Para completar a literatura sobre o período do Brasil Colônia a respeito da existência dessa “mulher reconhecidamente culta, inteligente e discreta”, a escritora gaúcha Rosa Busnello resolveu seguir as pistas e os escassos registros e escreveu o romance histórico O livro de Carolina – A improvável biografia de Carolina Machado de Assis (Libretos, 2021, 232 p.), lançado na 67ª Feira do Livro de Porto Alegre.

Construção literária

O livro resgata as origens, a vida e as conturbadas relações da família Novais em Portugal, e dá voz a uma personagem que teve grande influência sobre o mais festejado escritor em Língua Portuguesa até a atualidade. Em uma época adversa a qualquer protagonismo feminino, Carolina e uma amiga liam escondido clássicos da literatura mundial que chegavam a Portugal e que tiveram grande influência sobre a formação literária da personagem.

Machado de Assis, que criou a personagem Capitu, manteve uma relação conturbada com Eça de Queiroz, a quem dirigia críticas ferozes. Nos registros biográficos dos dois autores, não faltam insinuações sobre um suposto triângulo amoroso que teria Carolina como pivô das brigas e cenas de ciúme protagonizadas pelos dois escritores. “Quanto a Capitu, não acho que seja Carolina, mas a beleza da estética da recepção é essa.

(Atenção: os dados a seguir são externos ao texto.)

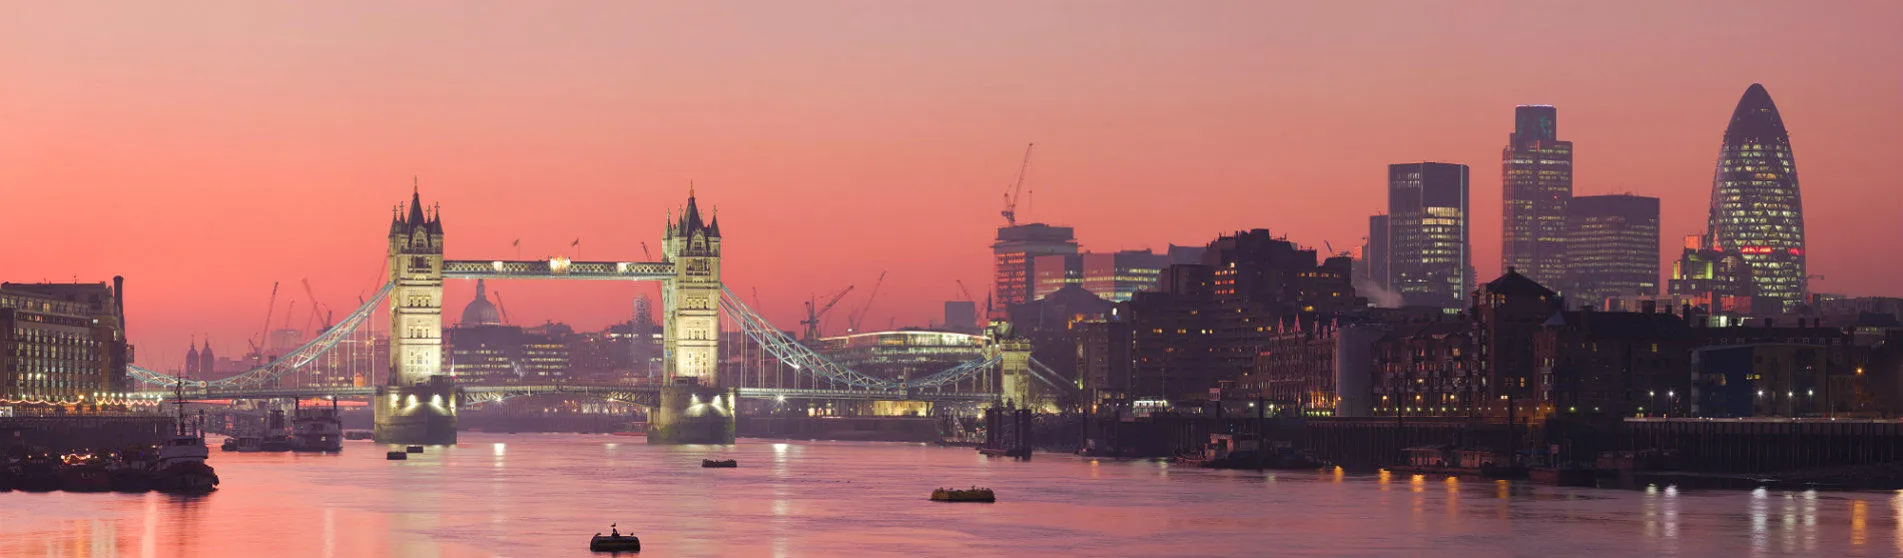 nev-hero-london-thames-sunset-panorama

Pode ser para ti”, sugere.

Imagem: Reprodução

Imagem: Reprodução

“Carolina teve um passado amoroso no Porto. Este foi o ponto de partida para a pesquisa a que me dediquei. No entanto, achei o boato de uma ligação com Eça de Queirós muito fabricado. Eça era filho de uma também Carolina Augusta, mas o casamento de seus pais só veio a ocorrer quando o menino estava com quatro anos. Por quê? Dizem que a avó paterna não permitiu que o filho (juiz de direito e par do reino) se casasse com uma plebeia pobre. Assim, creio que alguém misturou as histórias, criando uma versão novelesca para nossa Carolina”, esclarece Rosa Busnello.

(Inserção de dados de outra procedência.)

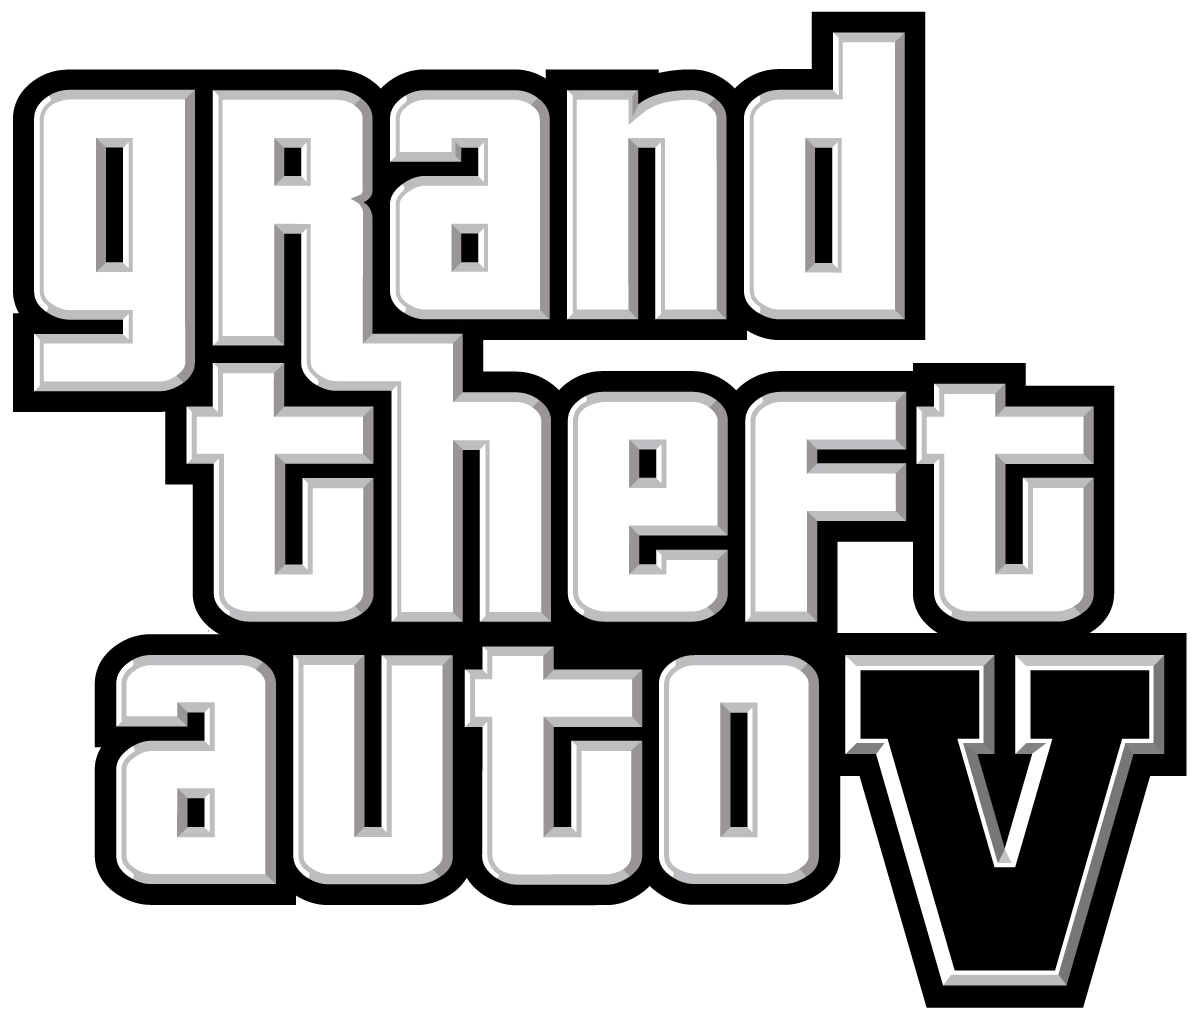 Gta lines. GTA 5 значок. Grand Theft auto 5 иконка. Значок игры GTA 5. GTA 5 надпись.

Machado sonhava com o Realismo, mas só o alcançou com Memórias Póstumas de Brás Cubas. “Nessa época, Eça já era famoso e Machado já escrevera duas duras resenhas reclamando, principalmente, da superficialidade dos personagens dos Maias e do Crime do Padre Amaro. Pode ser que houvesse uma certa inveja machadiana, e também pode ser que essa tenha feito com que Machado alcançasse o brilho – muito maior do que o de Eça”.

Ficção e cartas

O livro de Carolina é um romance recheado de correspondências originais, e um toque de requinte em sua construção literária, descreve Rosa.

Como são escassos os registros sobre a vida da personagem em Portugal, Rosa recorreu à ficção. Daí o subtítulo “biografia improvável”.

No Brasil, relata a autora, “a vida dessa mulher intrigante também foi marcada pela discrição, apesar de contarmos com várias histórias”. São registros sobre o namoro com Machado de Assis – de início malvisto pelos irmãos Novais que não o aceitavam por ser “mulato” –, relatos de amigas e vizinhas, e “seus 35 anos de companheirismo no casamento”.

As cartas e reflexões de Carolina que aparecem na obra são fictícias. Elas se completam com a correspondência real de Machado que está no acervo público da Academia Brasileira de Letras. A pesquisa estendeu-se também por estudos em genealogia, em livros já esgotados obtidos em sebos de todo país, e jornais da época na Hemeroteca Digital, além dos biógrafos de Machado, Lúcia Miguel Pereira e Godin da Fonseca.